Catholic Church -- Apologetic works -- Early works to 1800.
Cite this Item
"Anti-Mortonus or An apology in defence of the Church of Rome. Against the grand imposture of Doctor Thomas Morton, Bishop of Durham. Whereto is added in the chapter XXXIII. An answere to his late sermon printed, and preached before His Maiesty in the cathedrall church of the same citty.." In the digital collection Early English Books Online 2. https://name.umdl.umich.edu/B07998.0001.001. University of Michigan Library Digital Collections. Accessed May 8, 2024.

Pages

SECT. VII. Why S. Paul did not intitle his Epistles, Catholike Epistles.

THat S. Paul in his epistle to the Romans hath giuen sufficient testimony of the preeminency of the Ro∣man Church aboue all others, is a thing manifest, if not you but the ancient Fathers may be the iudges. Them you must giue vs leaue to follow, and forsake you, fighting against S. Paul and them.

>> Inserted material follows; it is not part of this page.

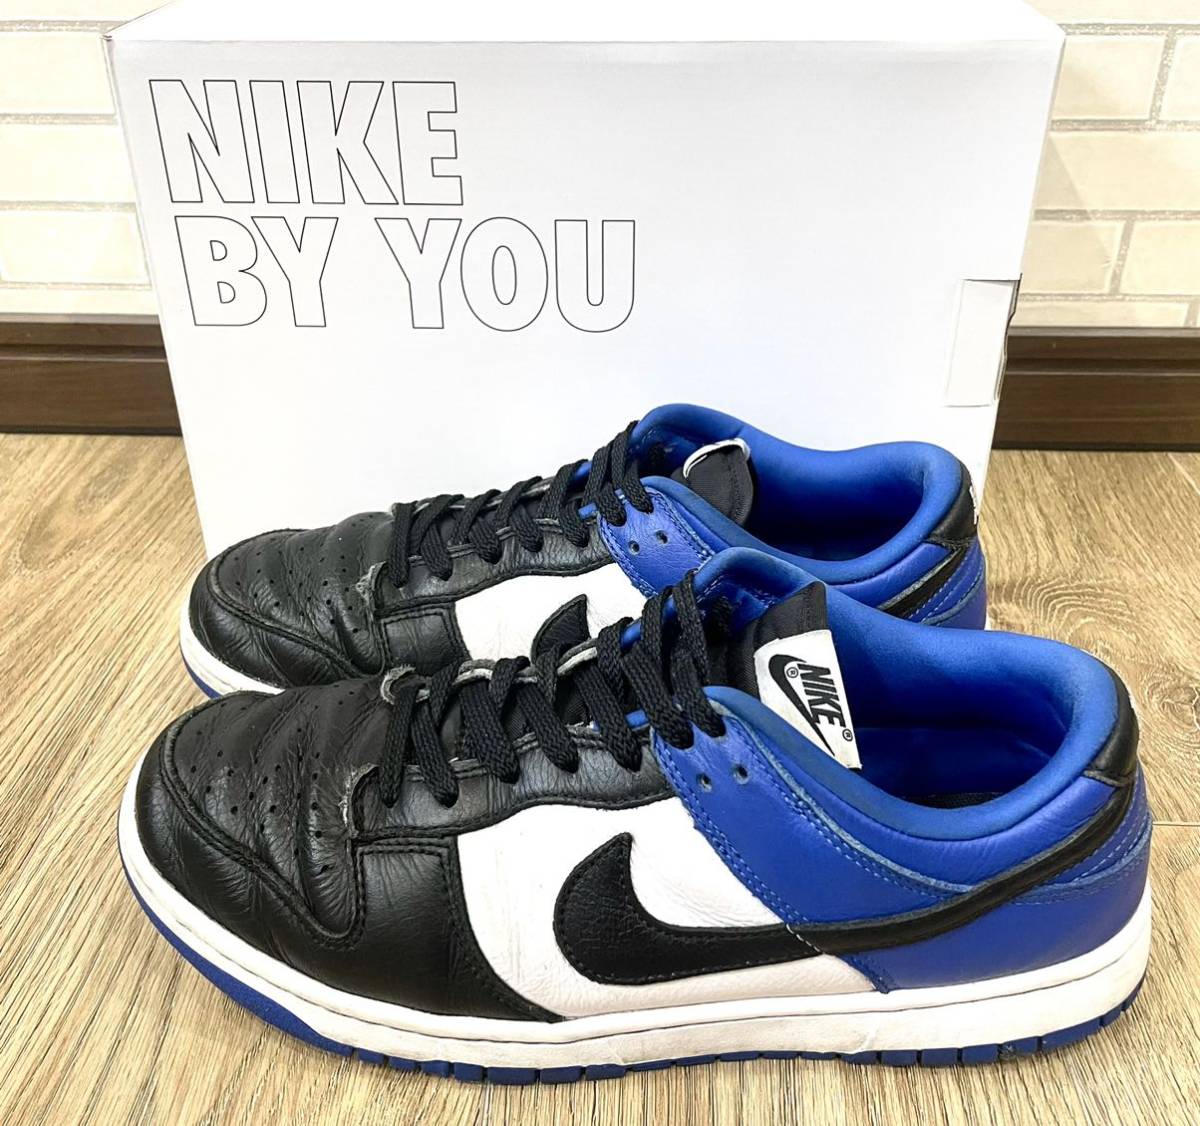 27cm NIKE DUNK LOW Fragment Design オマージュ 360 BY YOUダンク_画像1
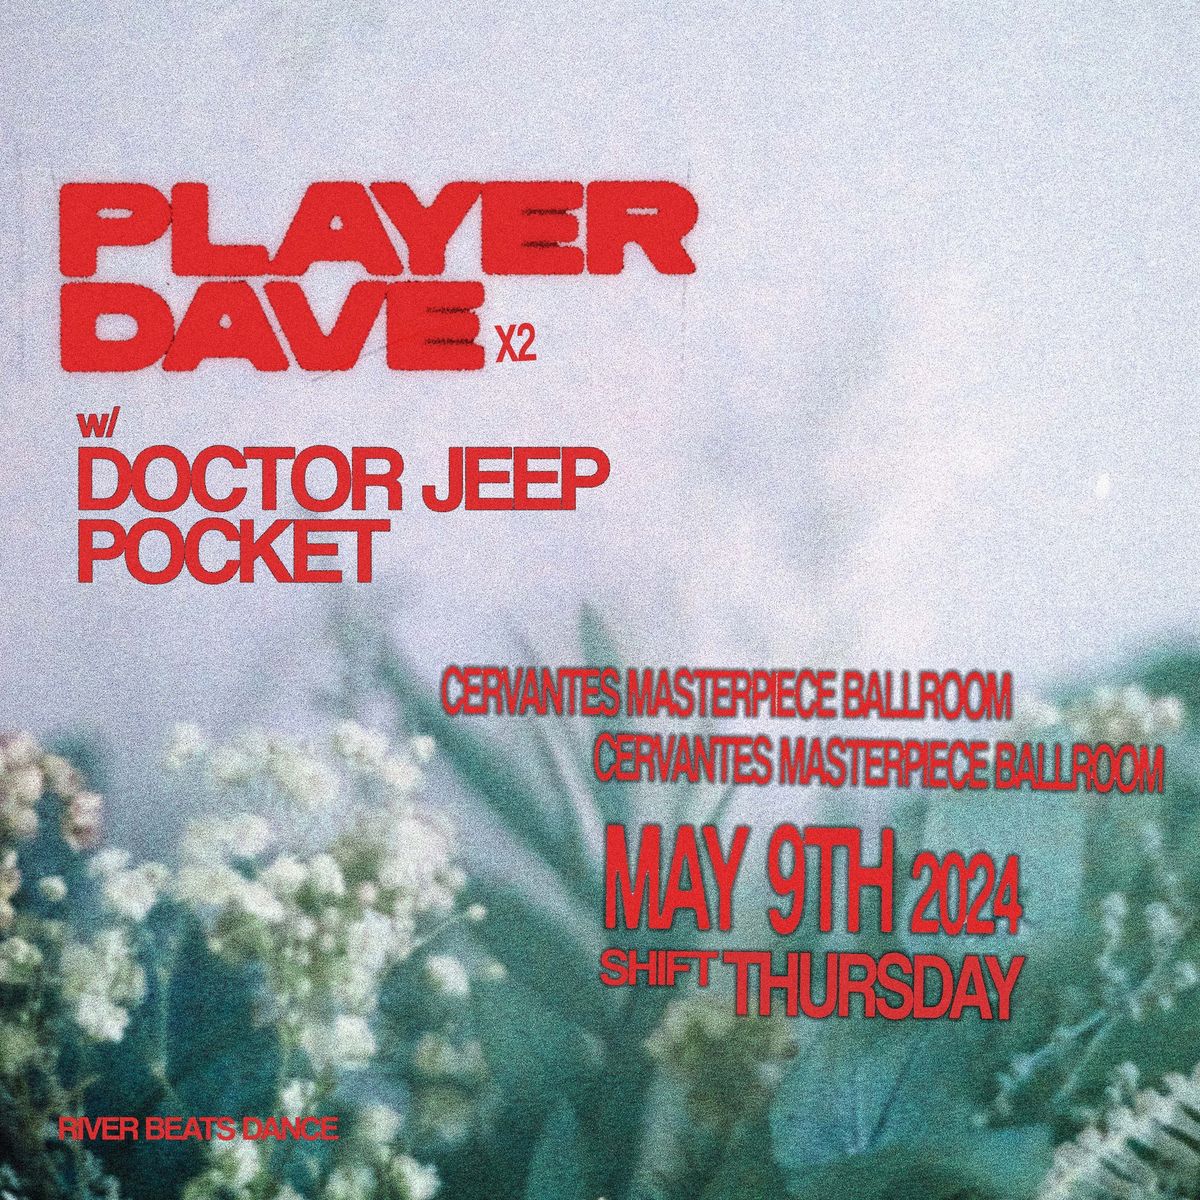 SHIFT Ft. Player Dave (Opening & Closing Sets) w\/ Doctor Jeep, Pocket

Against this truth you frame yet two Arguments more: The first is(l), that whereas the epistles of S. Iames, Peter, Iude, and Iohn are intituled Catholike epistle, if S. Paul had bene possessed with the spirit of the now Bishop of Rome, he would haue intituled the Church of Rome, the Catholike Church, and at least in∣scribed his epistle▪ Catholike. The second is(m), that he giueth not to the Roman Church so much as the title of a Church, which yet in his prefaces to the Corinthians, Galathins, and Thessalonians he giues to those Churches.

To the first I answere, that the Apostles themselues did not giue to any of their epistles the name of Catholike epistles. That title is prefixed to the epistles of Iames, Peter, Iohn, & Iude by the Church for diuers reasons, which you may reade in Salmeron(n) and chiefly because (as S. Augustine(o) witnesseth) they were written against the heresy of Si∣mon Magus, defending Iustification by only fayth, wherin Protestants are his heires. And for that cause their epistles insist so much on good workes, and the keeping of Gods Commandements, and shew that fayth without charity is dead and fruitlesse. And for the same cause S. Iohn(p) ad∣monisheth the faythfull, to abide in that Doctrine which they haue heard from the beginning, because many seducers are gone out into the world. And S. Iude(q) exhorteth them to stand to their old fayth, shewing them by examples, that it is dam∣nable not to be constant in it.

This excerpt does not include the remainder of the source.